I think it’s quite easy for students to fall into the trap of focusing too much on the theory and often end up overcomplicating a problem. Sometimes, it might really be the case where you need to use Jupyter Notebook with the most advanced machine learning packages, but a lot of other times a simple Tableau dashboard and SQL query is probably enough.
This is especially true for a lot of companies that already use these tools, so having this foundation will make you more attractive to them when you start applying.
Depending on what you’re learning on the course already, I think some of the following would be good to know more about:
- Data visualisation tools like Tableau or Power BI (a lot of companies already pay for reporting tools).
- Data querying languages like SQL (not as “sexy” as Python but is very commonly used).
- General languages like Python or statistical languages like R (choose the one you don’t know yet — you wouldn’t be a real data scientist without one of these, right?).
- How to write optimised, production-level code with unit testing (this is often overlooked by data science students).
- Cloud architectures like AWS, Google Cloud, or Microsoft Azure (a lot of start-up companies have some form of cloud architecture).
- Big data systems and how SQL/NoSQL databases are structured within them, as well as ETL processes (helps with understanding where and how your getting your data).

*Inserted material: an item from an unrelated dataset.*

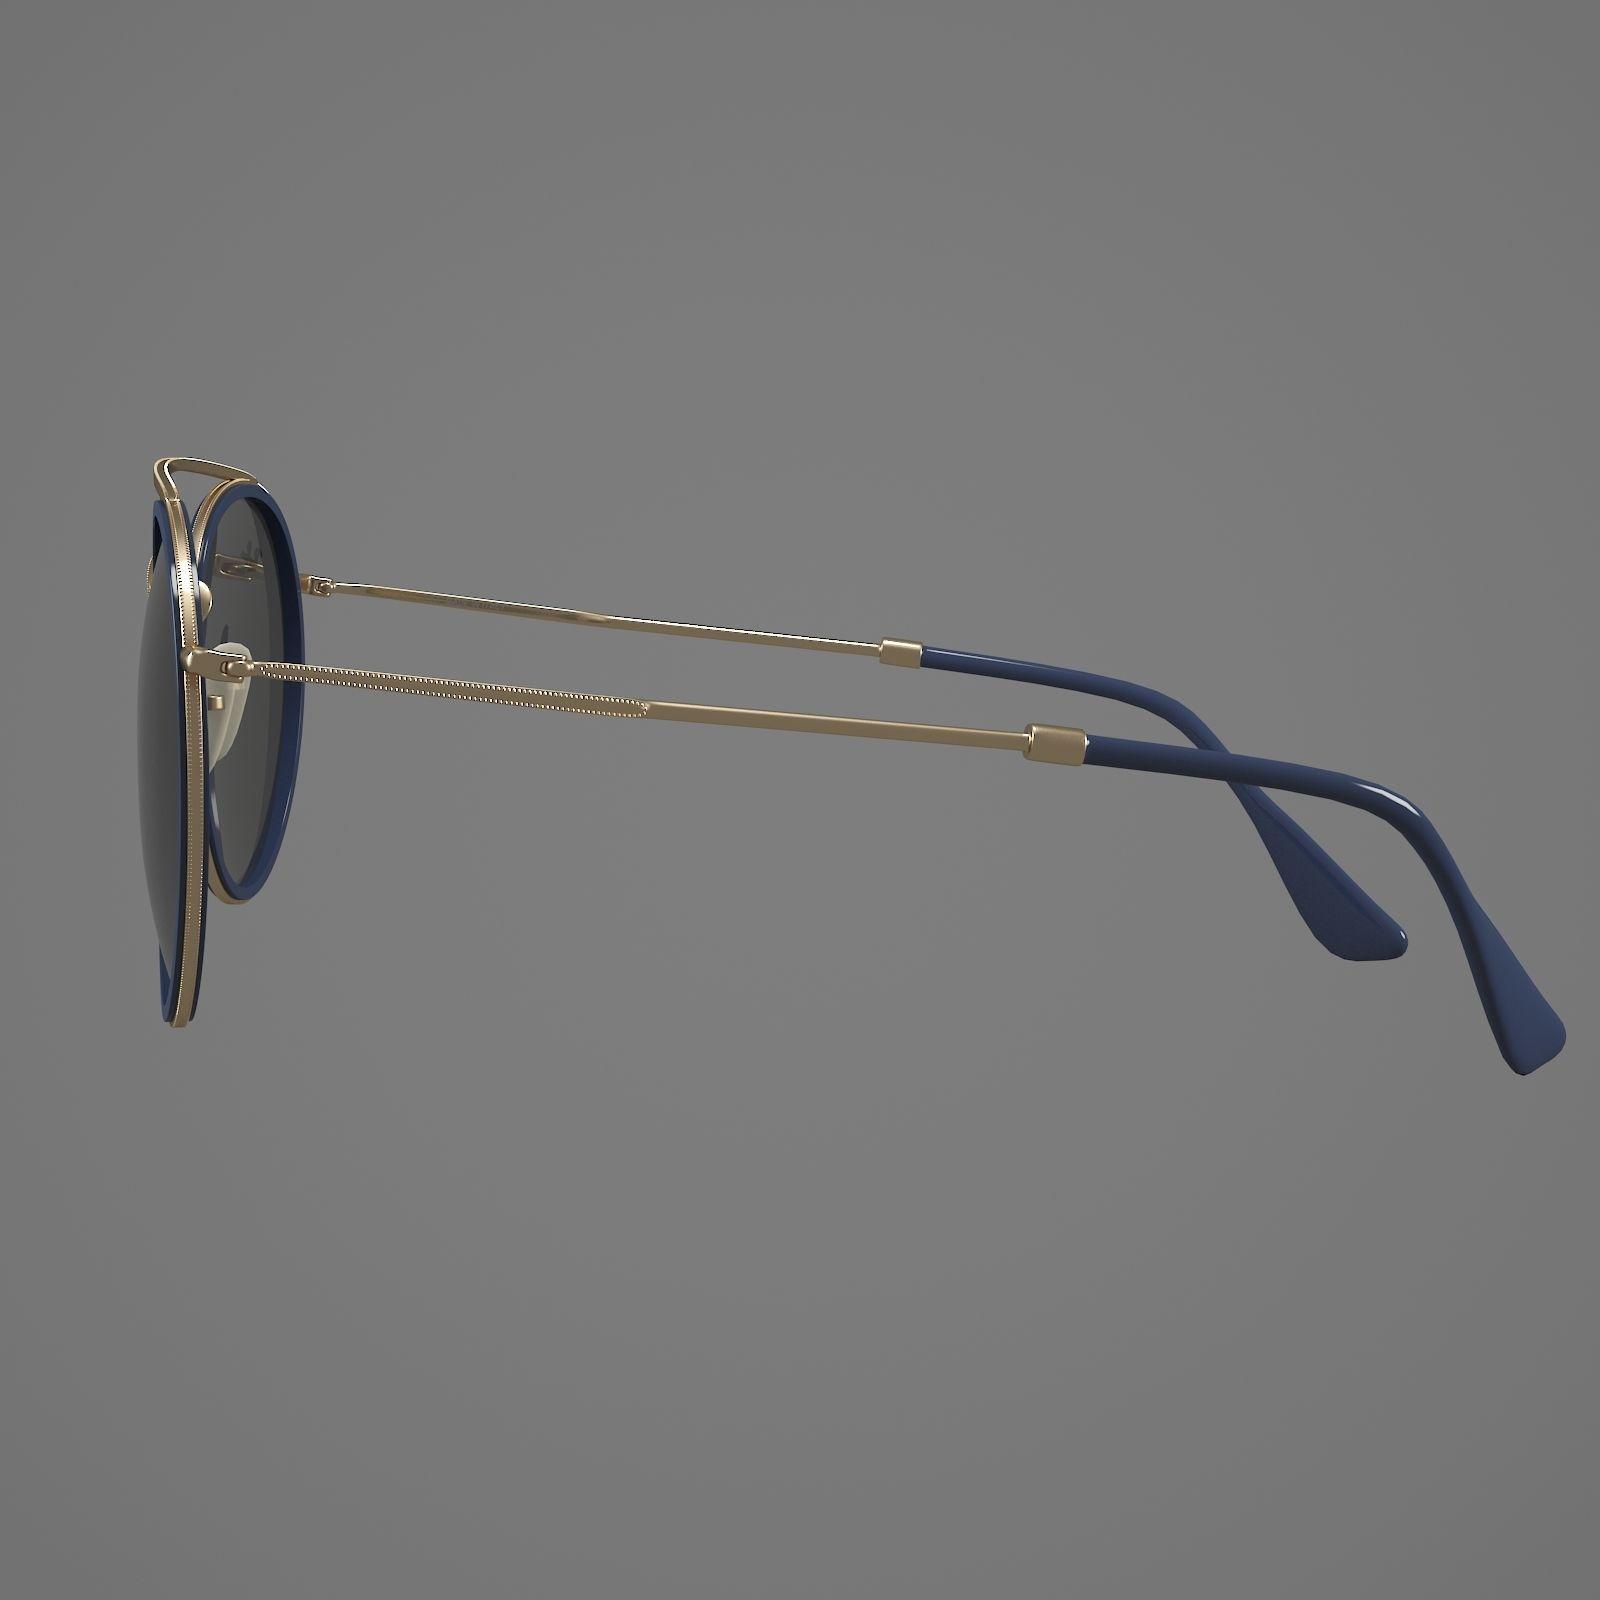 27ff806601 ... rayban glasses 3d model max obj mtl 3 ...

- Statistics and how to apply it in a business (things like A/B testing, measuring uncertainty, etc.)
There could be many more, but I think the point is clear: data science is a very broad field, and it pays to have a good understanding of a wide range of topics. Plus, the learning never really stops even after you begin your career (and in most cases, I’d say it probably increases), so you might as well get into the habit early.
After all the exams are over, it’s time to think about what your thesis topic will be. At this point, it’s understandably tempting to pick a topic that sounds interesting but is also something that your comfortable with.
However, I think this is where early research can save you a lot of stress. If you’ve had some time to job search and learn various tools, you’ll find it a lot easier to pick a topic that you know you’d enjoy doing, but also pick with confidence knowing that certain employers would find interesting.
At the end of the day, you don’t want to spend 3 or 4 months doing a research thesis that doesn’t help you with the direction you want to go career-wise, especially if you don’t enjoy the topic.
As an example, I’ve always had a fascination with natural language processing (NLP) and sentiment analysis, especially with online text data. I also had a hunch that a lot of companies probably had more text data than they did any other type of data.
Since I already had some NLP experience from previous modules, I decided early that I wanted to pick or create an NLP topic for my thesis where I’d mine my own text data online.
This saved me from a lot of stress immediately after my exams, and it allowed me to better prepare for what type of content I wanted to cover in my thesis rather than stressing out over which kind of topic to choose.
Although studying for a master’s can be stressful at times, they can also be an extremely rewarding investment. Truly take the time to plan ahead and do your own research about what’s out there — doing so will allow you to fully maximise the freedom and flexibility that a master’s can offer, and a lot of employers will definitely take notice.
Afterall, master’s degrees aren’t cheap these days, so why not make the most out of it?